My Memories of The Chapel of Four Chaplains
By Carol Devlin Gadsby

I remember being very excited during the construction of The Chapel of Four Chaplains.  I was about five years old.  I had heard the story of the four brave chaplains from my parents who were very good friends with Dr. Daniel A. Poling.  Not only was Dr. Poling their pastor, but also he was the father of one of the chaplains.  As young as I was, I still felt a connection to this big event that was about to take place.

One Sunday after church, I went down the back steps that brought me right to the front of the Chapel.  I walked over to the circular piece of limestone that eventually would rotate and hold the three altars.  As I stood there, I tried to imagine how this whole idea was going to work.  To my amazement, it turned out to be such a beautiful memorial to the four chaplains and all who lost their lives on the Dorchester.

On February 3, 1951, the day before my seventh birthday, the Chapel was dedicated by President Harry S. Truman.  The Chapel was full and the overflow went up into the sanctuary of Grace Baptist Temple.  I was among the overflow and watched the dedication on a closed circuit television.

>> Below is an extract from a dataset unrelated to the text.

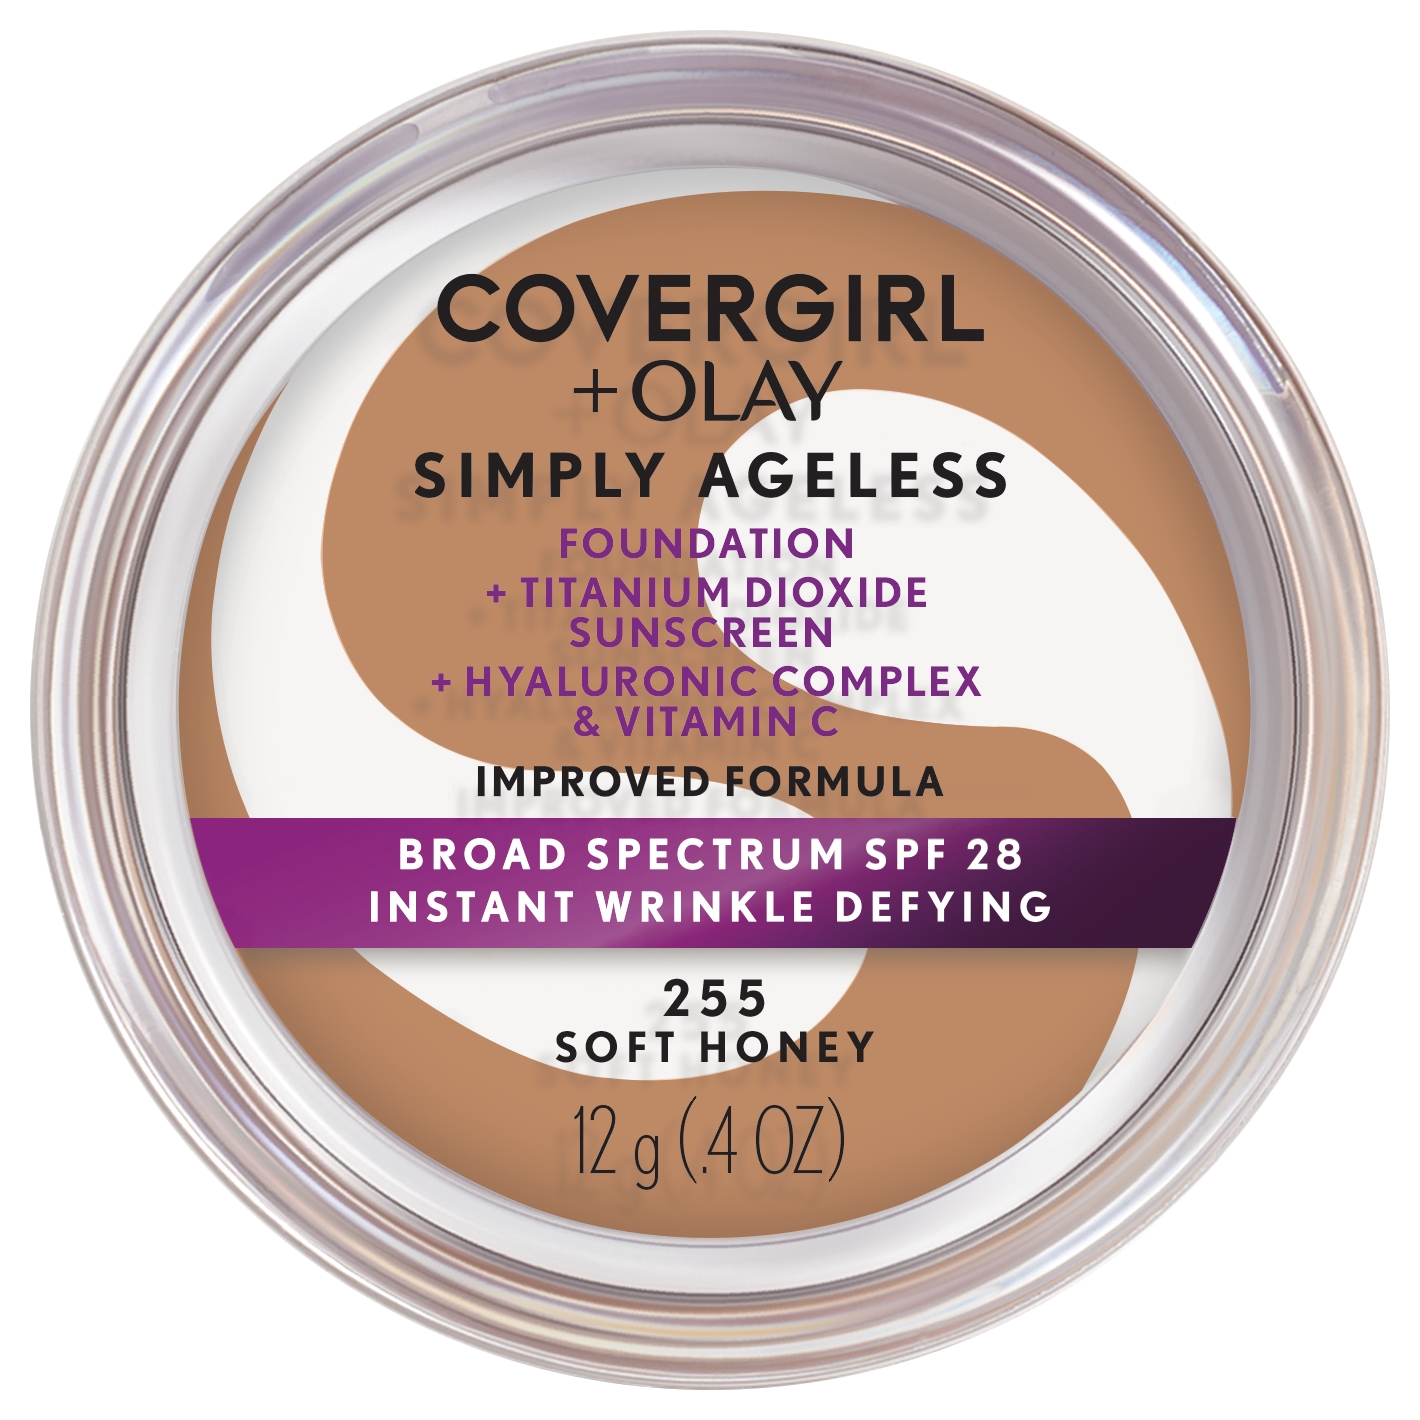 COVERGIRL + OLAY Simply Ageless Instant Wrinkle-Defying Foundation with SPF 28, Soft Honey, 0.44 oz - image 1 of 9

It was quite thrilling for a seven-year-old to be a part of this piece of history.

As time went on my family became a big part of the Chapel’s history at Broad and Berks Streets.  My father, Russell Conwell Devlin, and my brother, Daniel Poling Devlin, took people for tours around the beautiful Chapel.  I became an acolyte at the Vesper Services and my sister, Evelyn, sang in the choir.  My mother, Alice, helped at times when they would have refreshments for special dignitaries.  Being an acolyte gave me the privilege of meeting some of these dignitaries before the service.  One very special one was Rev. Billy Graham.  I remember shaking his hand and thinking how strong his hands were and what a great smile he had.

In 1959, my sister, Evelyn, was married in the Chapel by Chaplain Walter H. White who became a wonderful friend to my family.  He and his wife and children were so gracious.  They invited us many times to their home for dinner.  In 1980, my father-in-law, Howard V. Gadsby, received a Legion of Honor membership from the Chapel signed by Chaplain Fredrick H. Hoffmann.

Therefore, you see The Chapel of Four Chaplains at Broad and Berks Streets will always hold a special place in my heart.  The magnificent altars and the beautiful mural that memorialized the Rev. Clark V. Poling, the Rev. George Fox, the Rev. John P. Washington and Rabbi Alexander Goode were such a spiritual way of bringing three faiths together.  I wish that everyone knew the story of these brave chaplains who gave up their life vests so that others might live.  May God bless their souls.  I wish great success to the Chapel at its new location in the Old Philadelphia Navy Yard, but the Devlin family will always remember the original location at The Baptist Temple at Broad and Berks Streets.